- [Task to carry out]: Would you retype exactly the lines from the one holding "картинка знак поднятая рука" through the last line of the listing, and only those, without pictures?

- [Given material]:
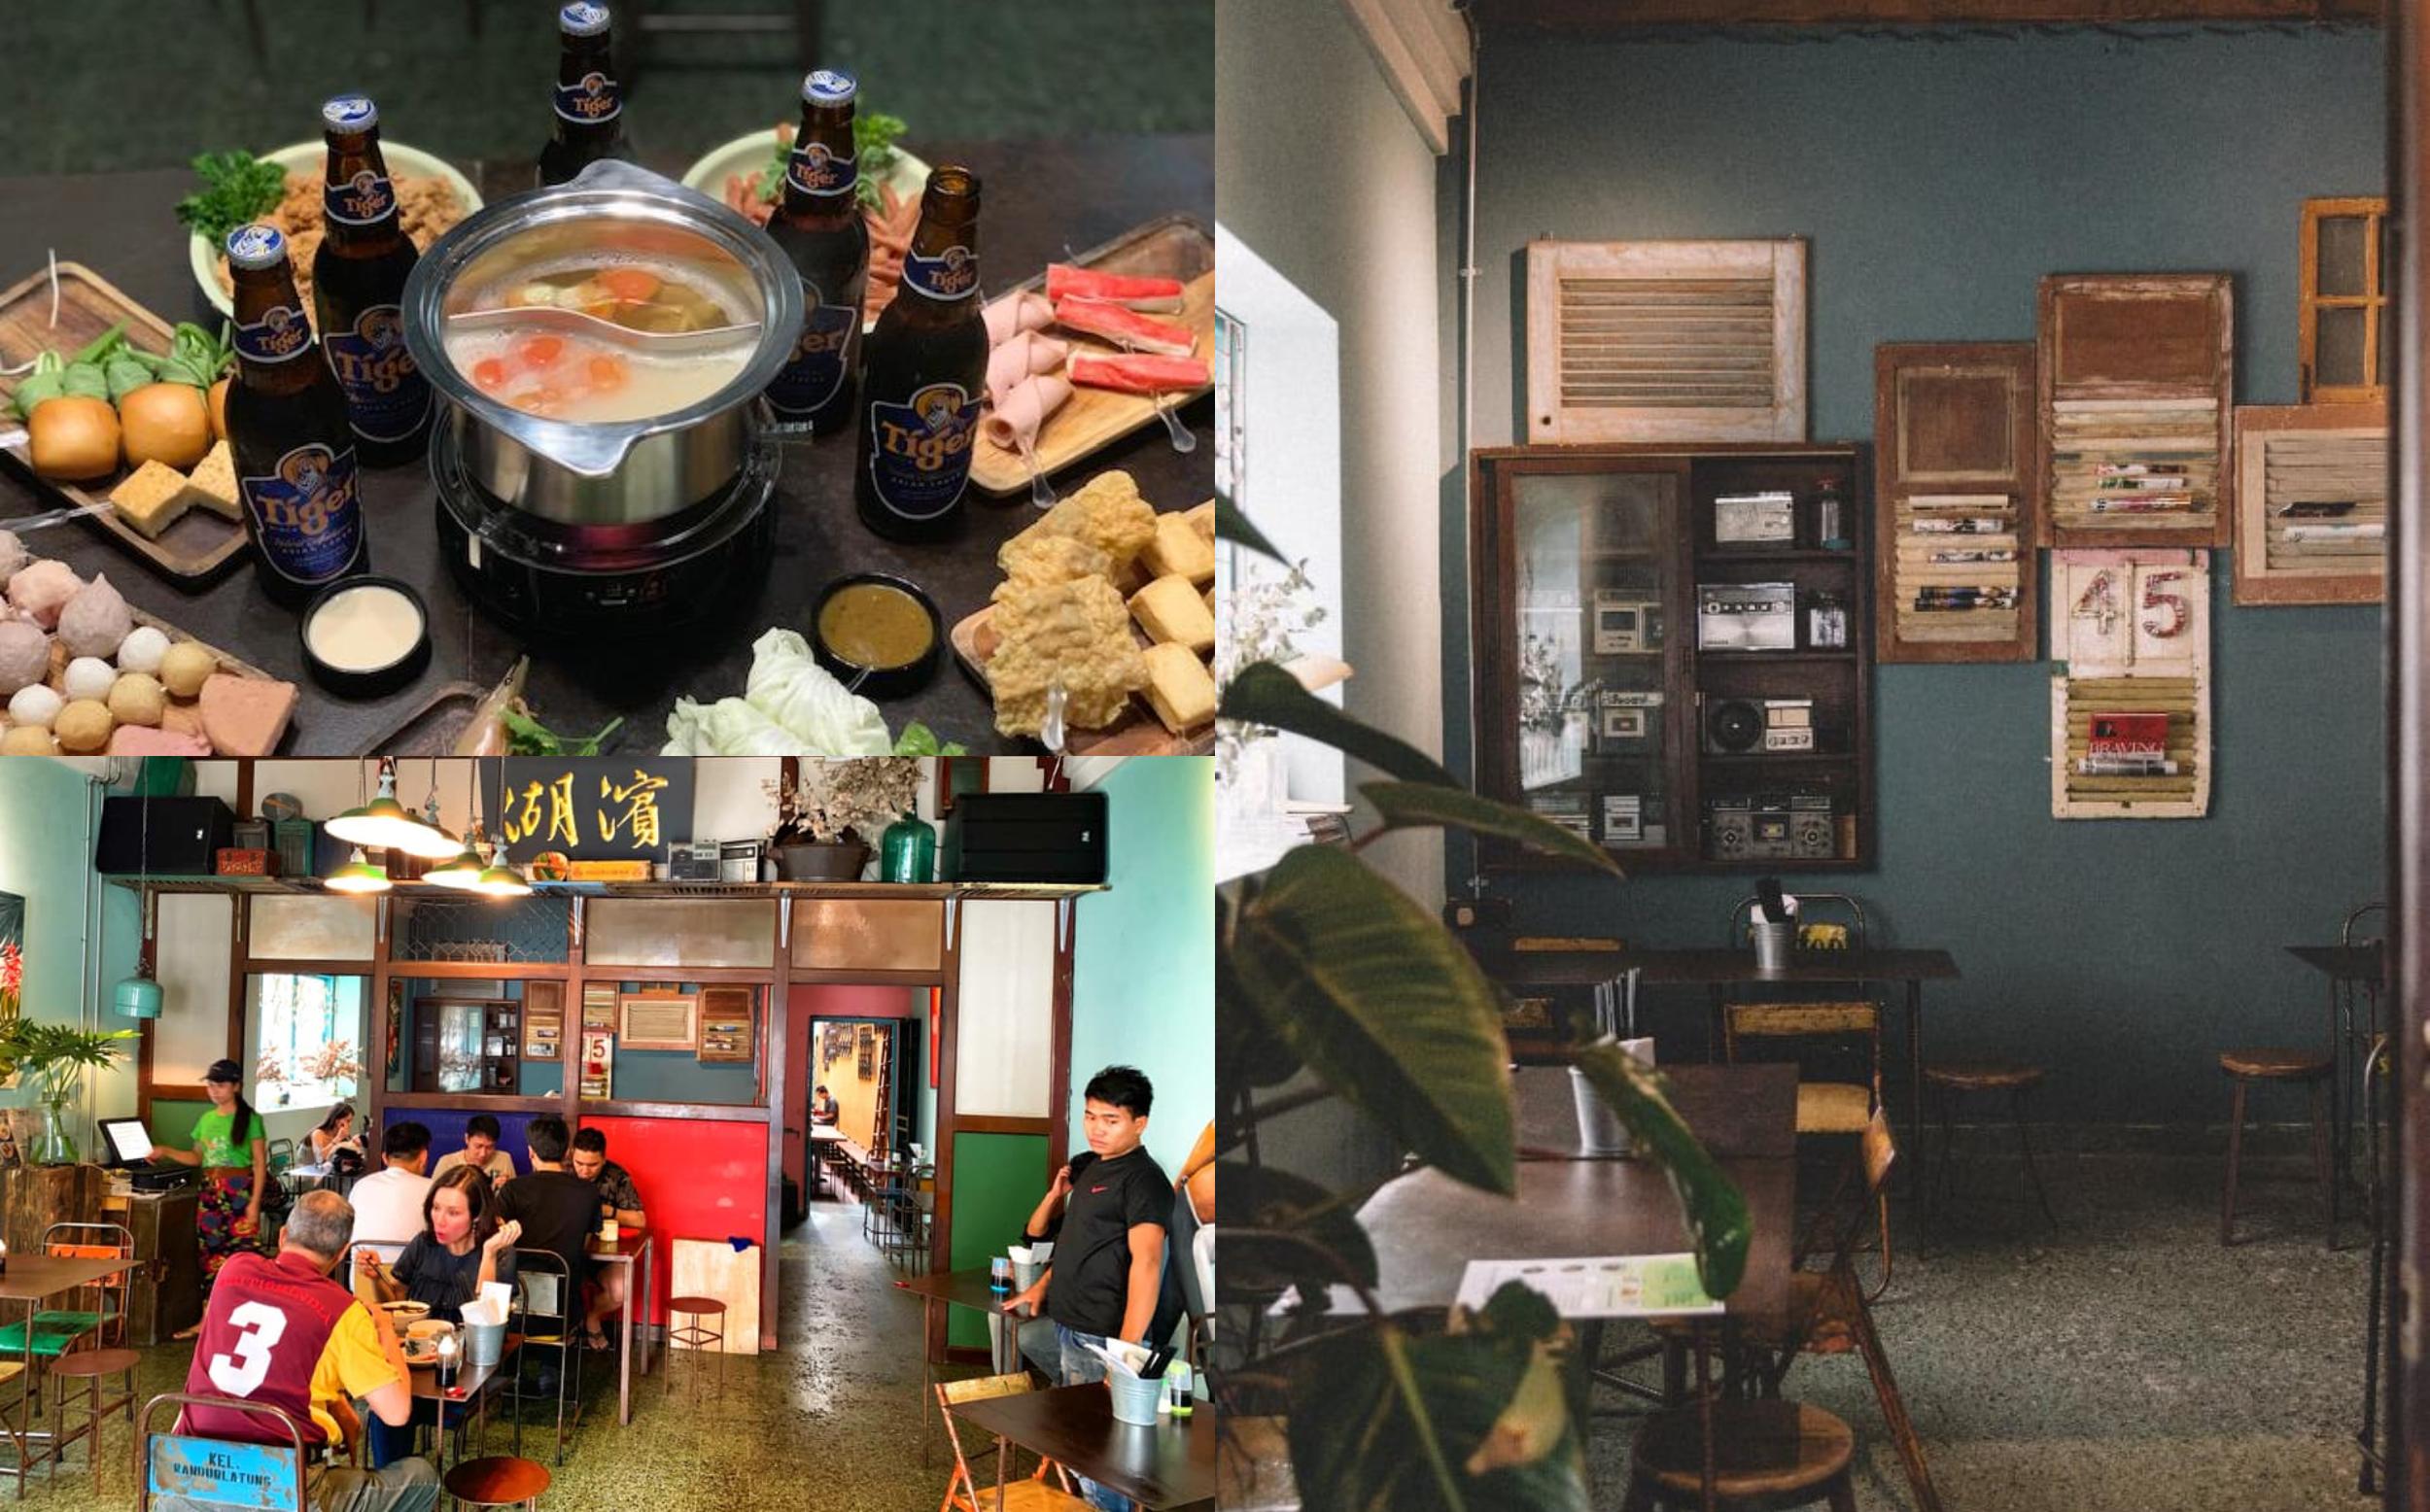 45 Speak Vezy Bar除了售卖鸡尾酒、啤酒及红酒外,最大的特点是有卖火锅。
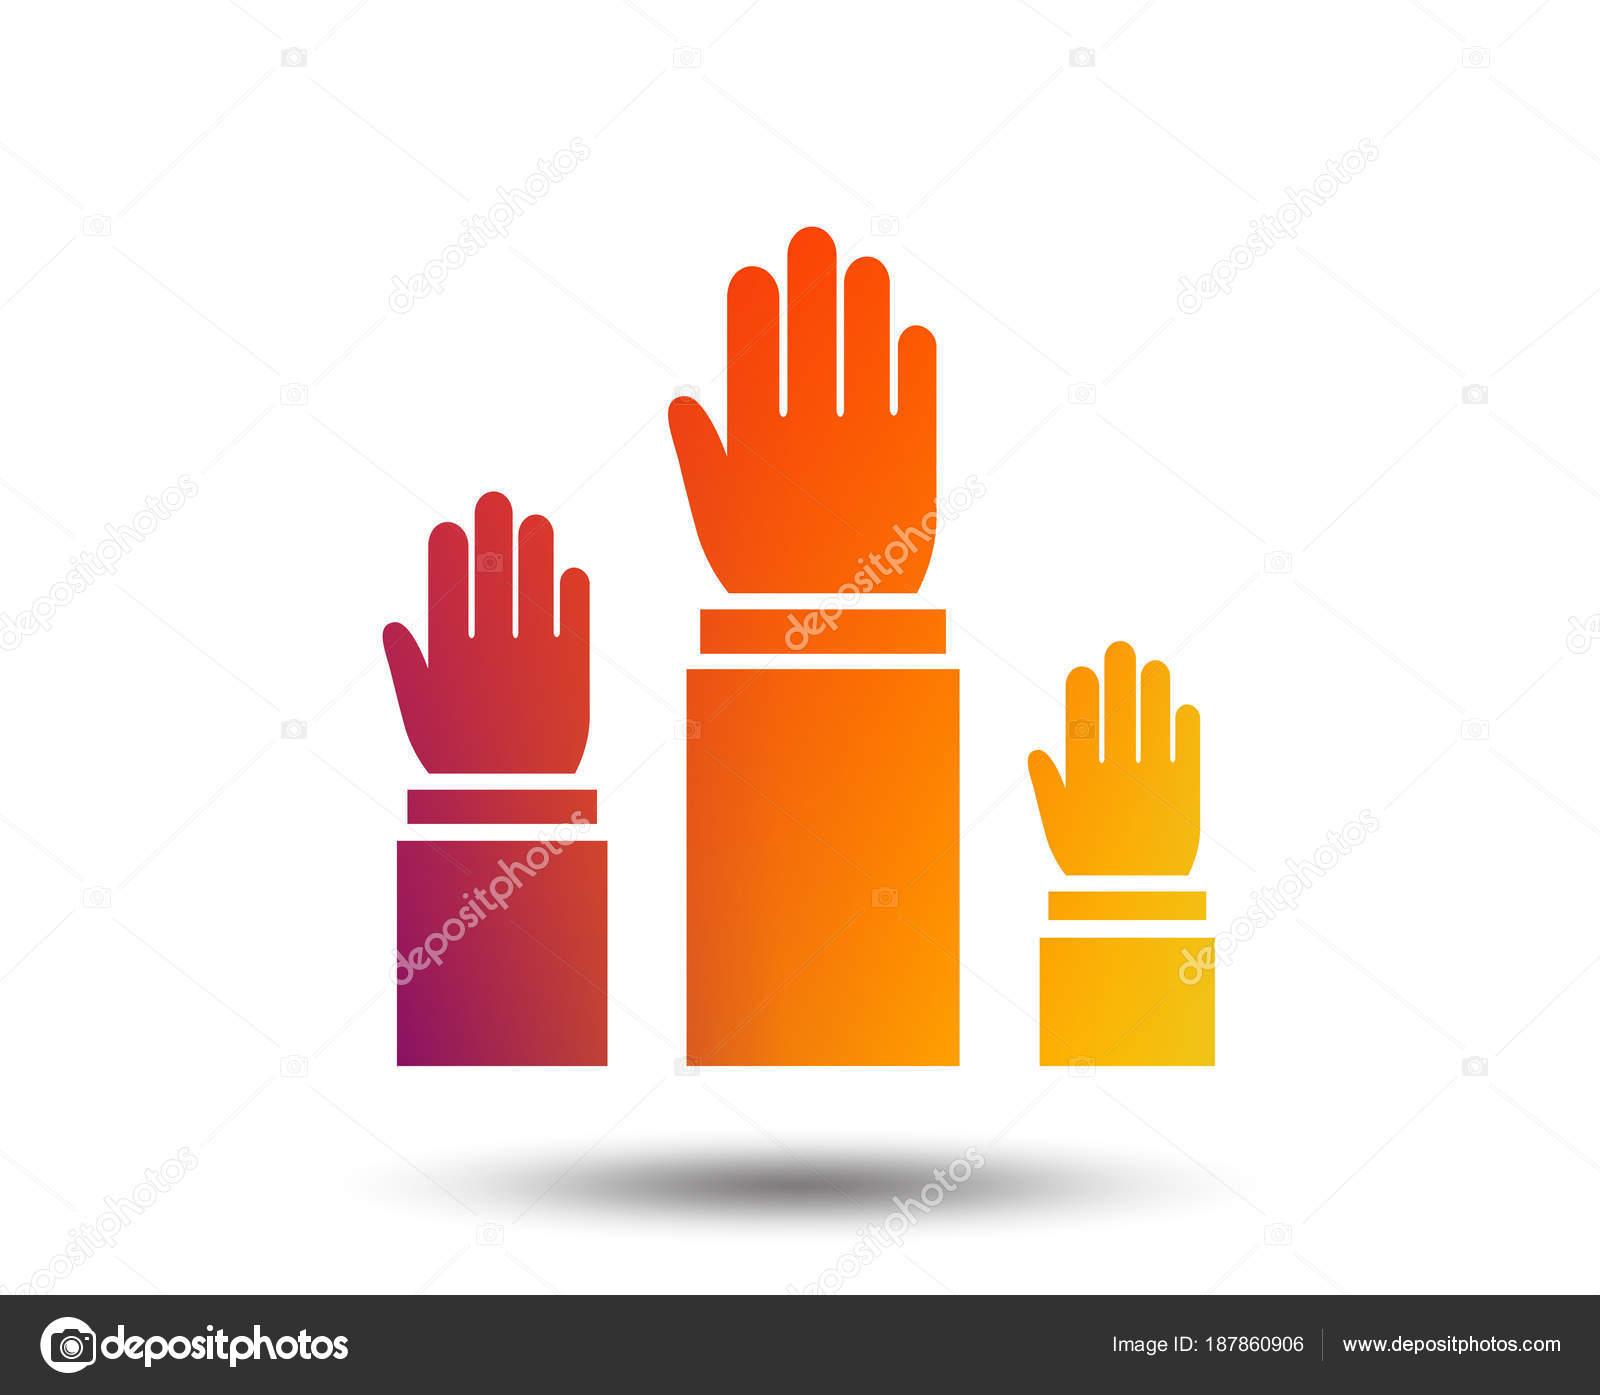 картинка знак поднятая рука
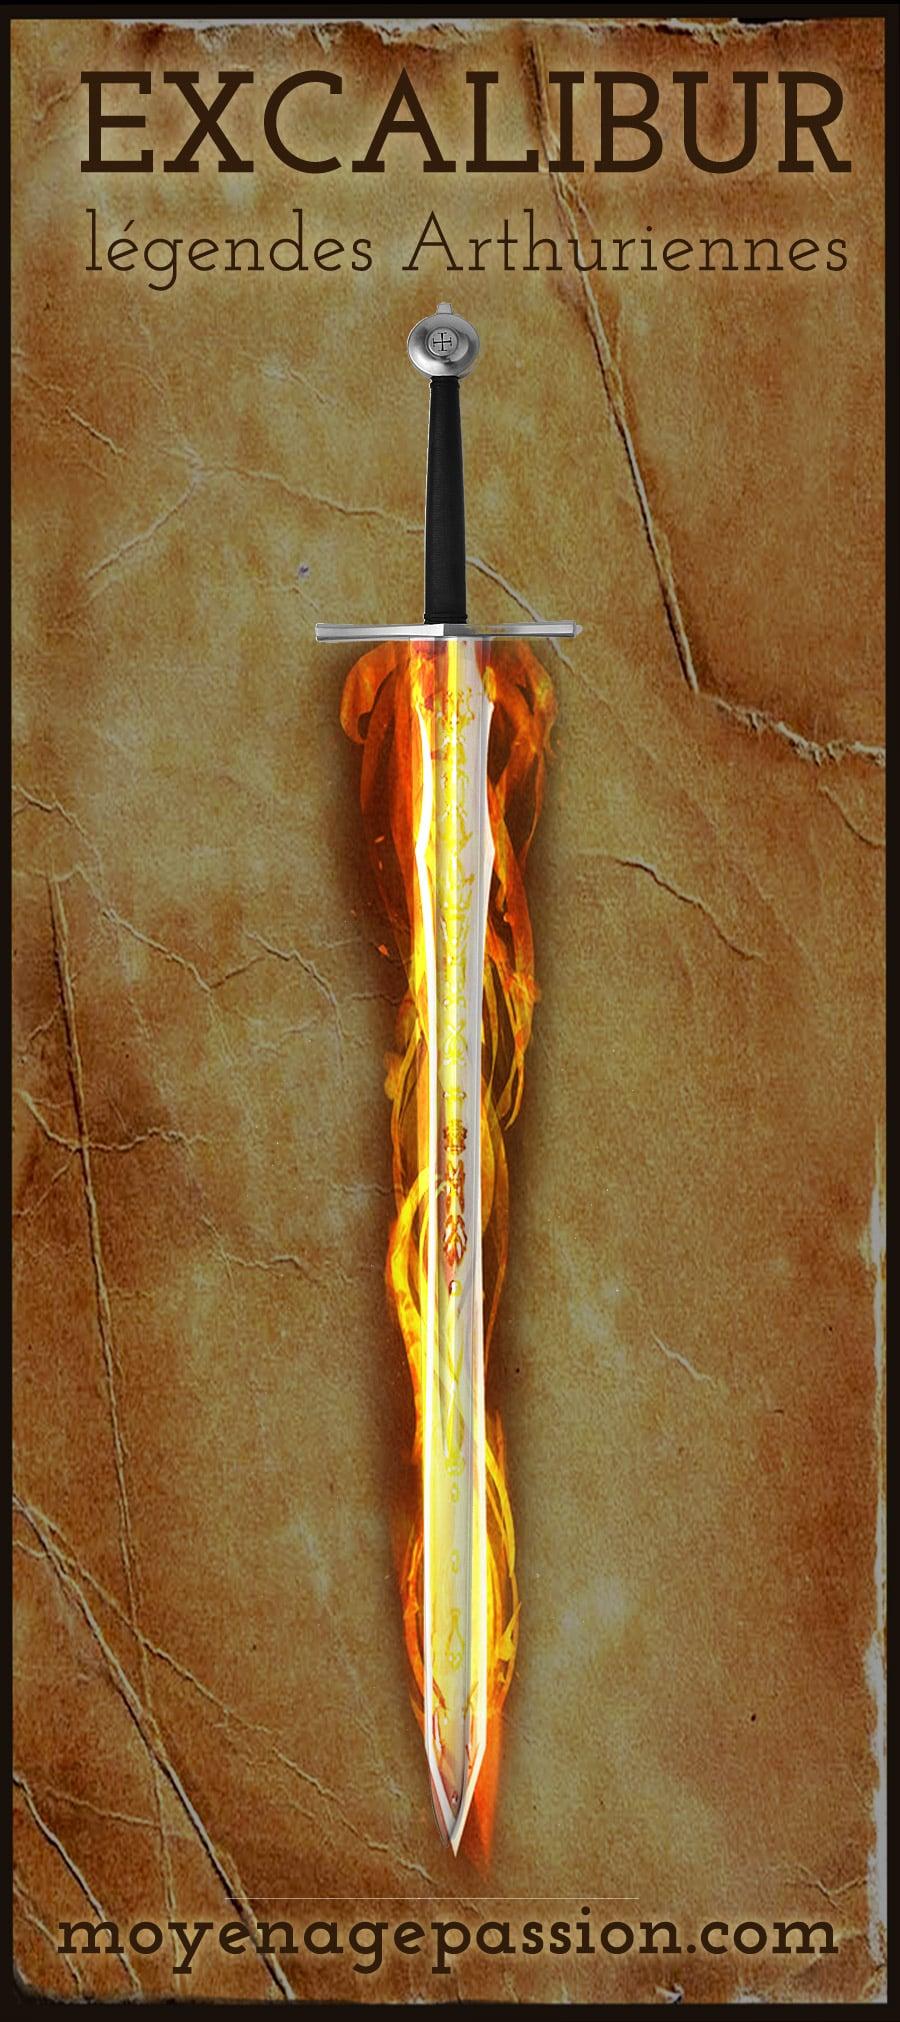 legendes_arthuriennes_excalibur_symbole_origine_archeologie

- [Response area]:
 картинка знак поднятая рука
 legendes_arthuriennes_excalibur_symbole_origine_archeologie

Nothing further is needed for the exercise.